A place that gave me a strange sadness was Dorasan, the final train station in South Korea before the track crosses the border. Opened by dearest Dubya in 2002, it’s a sparkly new construction that is at once hopeful and farcical. Its only patrons are tourists, and a train has yet to stop and collect passengers there. There was the most beautfiul painting on one of the walls though, almost Dali-esque (not in the gallery yet as needs some photoshopping to merge all the takes needed to capture the entire piece), which depicted all the fear and sadness that the two Koreas have experienced and made it seem like hope is the only thing left.

 It was at Dorasan that our guide posited the idea that one day it may be possible to take the Transsiberian railway all the to Seoul. For various reasons I have had to postpone my journey on the TS for the time being, and hearing this made me resolutely decide that I will wait until North Korean borders become safe to cross and will return to Seoul from Europe by train; while I am skeptical about reunification, I do remain optimistic that in my life time North Korea will become foreigner-friendly enough for others like me to make this journey.

So that’s the DMZ. The remainder of our time on Seoul mainly consisted of shopping, eating (YUM being the operative word) and drinking, which most readers will be familiar with so I’ll spare the details.

The atmosphere of Seoul, however, is definitely worth a mention, especially as contrasted with Japan.

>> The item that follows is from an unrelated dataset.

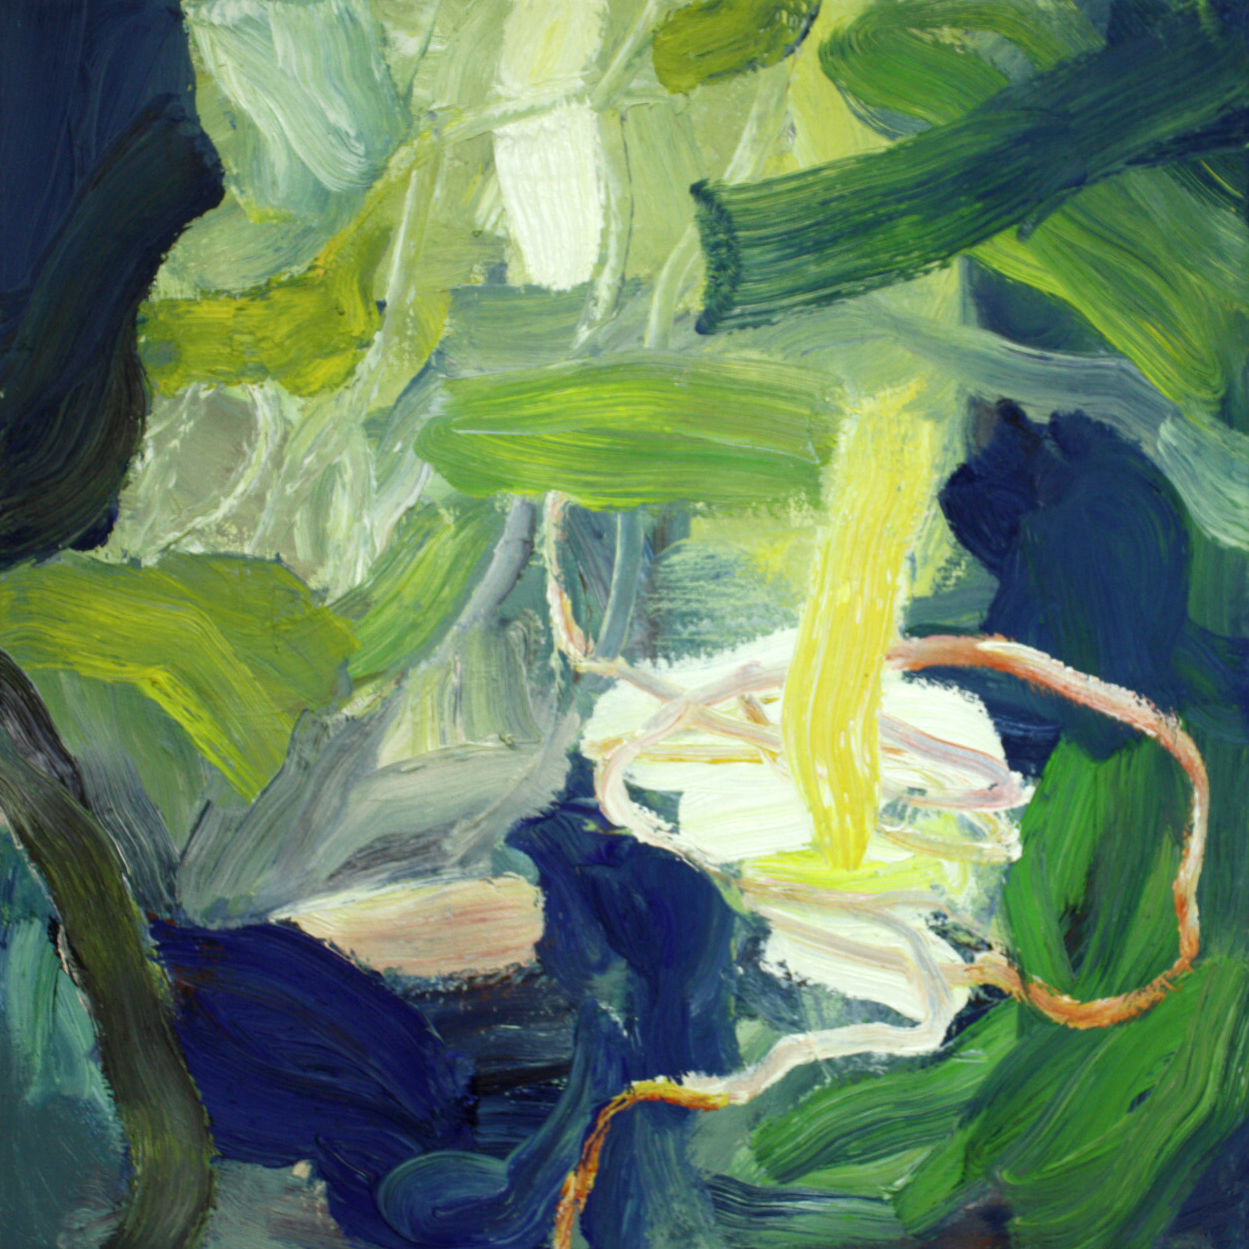 abstraktes Gemälde, vorrangig in grünen und blauen Farbtönen
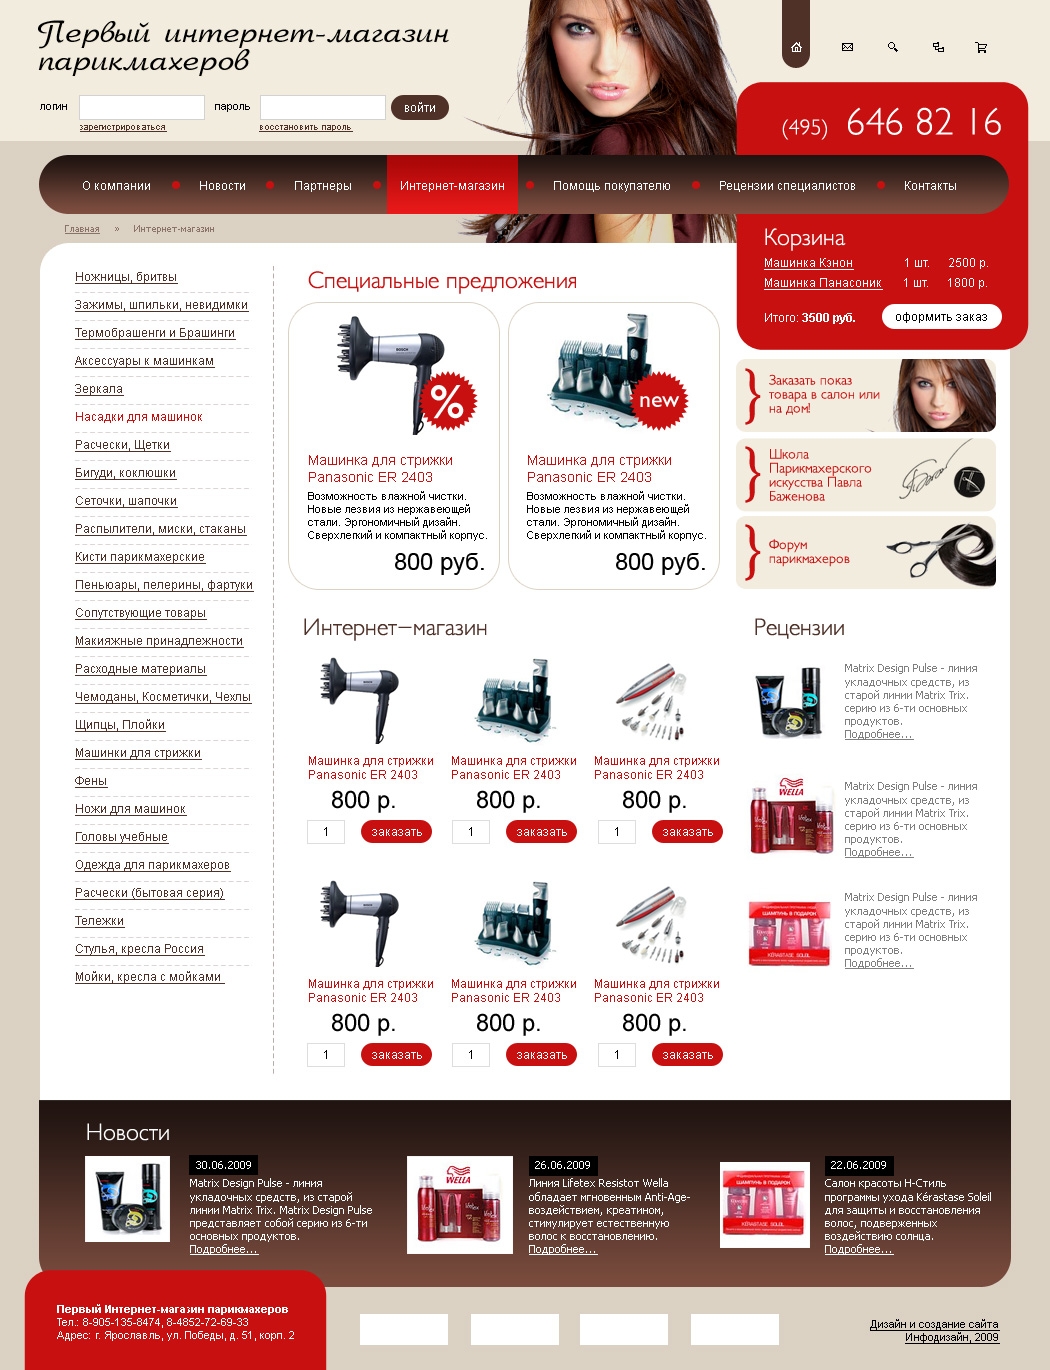 Разработка первого интернет-магазина для парикмахеров Parikmag.ru

I think I expected the Koreans to be much more like the Japanese, but I was way off the mark. While most people were polite, the general aura could be likened more to London than Tokyo, although I get the impression that Seoul is much safer than either of these places. As it was a festival weekend, the entire city felt like one enormous playground and boy, do those Koreans like to drink. It was also interesting just how stylish the Koreans are, as the Japanese have such a reputation for looking brilliant in all manner of outrageous outfits. Yet the Seoulites looked individual and classy without needing to be wacky, and if I’m honest I had sympathy with my friend Tasha as she groaned upon arrival back into Fukuoka, ‘these people make me cringe’.

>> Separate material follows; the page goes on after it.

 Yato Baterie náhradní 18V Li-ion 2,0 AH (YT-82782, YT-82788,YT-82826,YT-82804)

 Not one of us was happy to return to Japan. The constant pussy-footing and living-to-work mentality is one which, 9 months in, one tires of frankly. Seoul was an Asian reminder of life back home, where we don’t have to feel guilty about having fun and it’s ok not to work at the weekend, and where saying what you think doesn’t cause instant panic. But I still feel glad that I chose Japan over South Korea (I was very close to choosing the latter), as not only do the seemlingly endless Japanese codes of etiquette provide a peace and sense of decorum here which I doubt I will find anywhere else; living in Japan is also a daily challenge in uncovering the many depths beneath these codes, and the many and hidden realities that exist for people here will never cease to fascinate me.

 Seoul certainly hasn’t seen the last of me though.